Пришедши домой, он остановился среди комнаты, как бы не сознавая еще, что с ним делается и почему он остановился именно тут, а не посреди лужи или в другом месте. Он бессмысленно посмотрел на Рогожкина, который уже настроил гитару и, казалось, ждал только возвращения Махоркина, чтобы предаться любимому занятию. Петр Васильич несколько струсил, увидев благодетеля своего в таком восторженном состоянии, и вознамерился было улепетнуть, но принятая Махоркиным, посреди комнаты, позиция воспрепятствовала исполнению этого поползновения.

В таком положении простоял Павел Семеныч с четверть часа. Чувствовал ли он что-нибудь в это время или просто жил лишь общею жизнью природы — Рогожкин не мог объяснить этого, потому что сам от страха как бы замер и утратил всякое сознание. Однако ж, так как все в мире должно иметь свой конец, то и Павел Семеныч мало-помалу пришел в себя, взял стул и уселся на нем в обычной своей позе.

— Пой! — сказал он сиплым голосом.

Рогожкин начал петь и пел в этот раз действительно удачнее обыкновенного. Он чувствовал, что в эту минуту он обязан употребить нечеловеческие усилия, чтоб удовлетворить своего господина. Пел он песни всё грустного содержания: про старого мужа-негодяя, который «к устам припадает, словно смолой поливает», про доброго молодца, приезжающего, с чужой дальней сторонушки, на могилу своей красной девицы, своей верной полюбовницы.

Расступись ты, мать сыра-земля!Ты раскройся, гробова доска!Пробудись ты, душа-девица!Ты простися с добрым молодцом,С добрым молодцом, другом милыим,С твоим верным полюбовником.

— Вина! — закричал Махоркин неестественным голосом, вскочив со стула и начиная в исступлении бегать по комнате, — вина!

Рогожкин засуетился, вынул из шкапа полуштоф и рюмку и поставил на стол. Павел Семеныч начал мрачно осушать рюмку за рюмкою.

— Хорошо! — сказал он наконец, проводя рукой по груди.

— Вы бы лучше сняли с себя мокрое-то платье! — осмелился выговорить Рогожкин.

— Вздор! издохну — тем лучше!

Он остановился перед Рогожкиным, скрестивши на груди руки.

— А знаешь ли ты, что сегодня произошло? — произнес он с расстановкой, — сегодня, брат, были махоркинские похороны… да! убили они, брат, меня!

— Помилуйте, Павел Семеныч, на что же-с? даст бог, и еще сто лет проживете!

— Нет, брат, не жилец я! не утешай ты меня! а ты скажи лучше, лев ли я?

Рогожкин замялся, не зная, что ответить.

— Нет, ты скажи, лев ли я? — допрашивал Махоркин, выпрямляясь, вытягивая свои члены и сжимая кулаки, — и вот, братец ты мой, этот лев, этот волк матерый перед ягненком смирился… слова даже не выговорил!

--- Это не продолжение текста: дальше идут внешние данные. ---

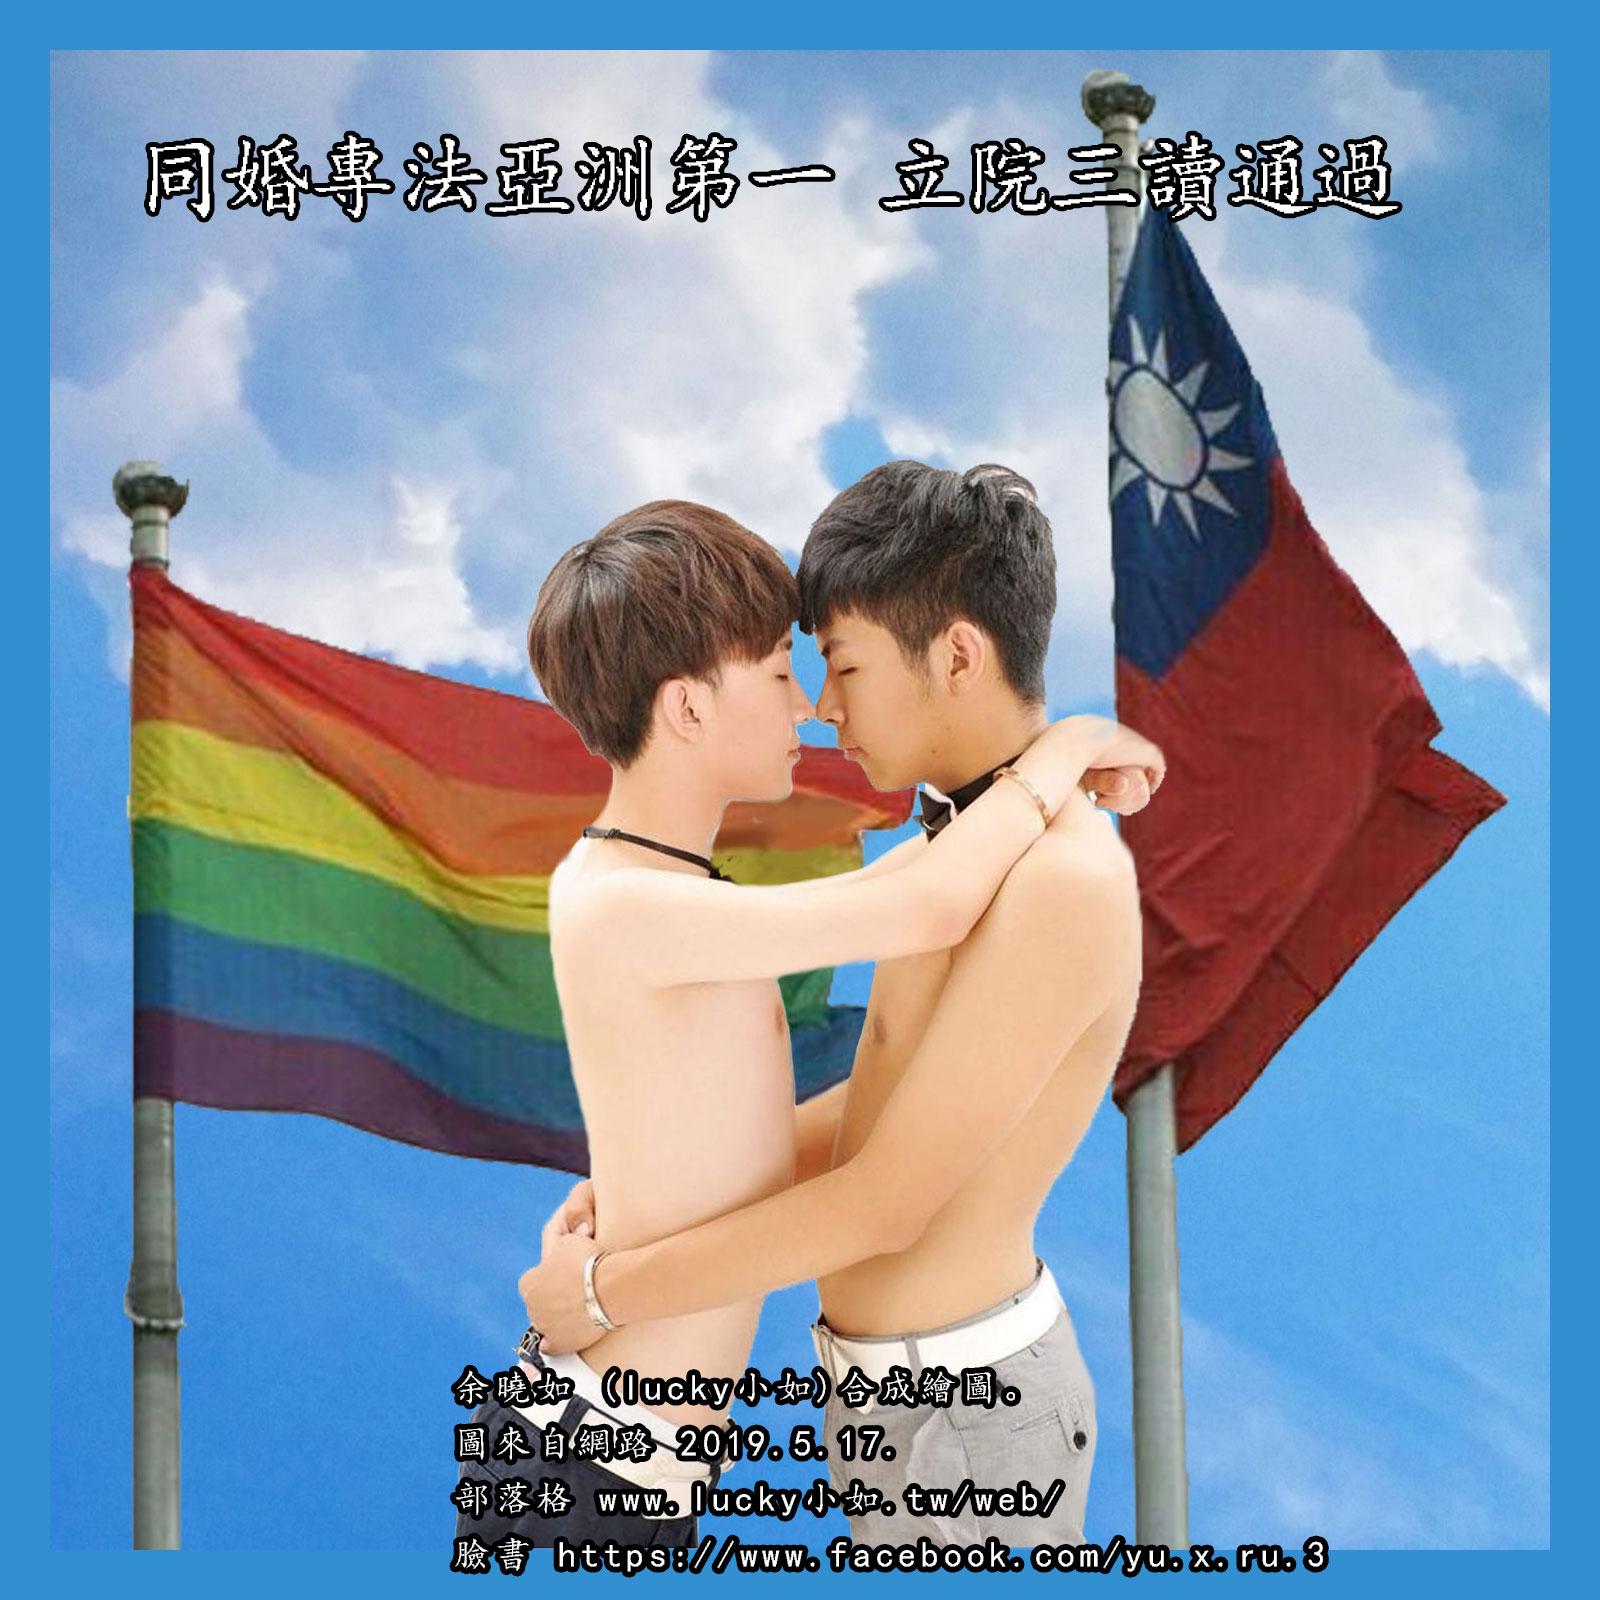 同婚專法亞洲第一 立院三讀通過

Рогожкин покачал головой, а Павел Семеныч снова выпил водки.

— Да и что бы я мог сказать! — продолжал он, — сказать, что я ее люблю, — она это знает! сказать, что я ее, мою голубушку, на ручках буду носить, — она это знает! сказать, что я жизнь за нее пролить готов, — да ведь она и это знает! — что ж я мог сказать ей?

Махоркин задумался. Он усиливался представить себе, что бы в самом деле он мог высказатьТисочке, если бы мог, но лучше, красноречивее изложенного выше, ничего не был в состоянии придумать. Все ему представлялась его собственная фигура, гладящая Тисочку по головке, носящая на руках и убаюкивающая это прелестное дитя. Выше этого наслаждения он не понимал.

— Отчего же вы не сказали им всего этого? — робко заметил Рогожкин.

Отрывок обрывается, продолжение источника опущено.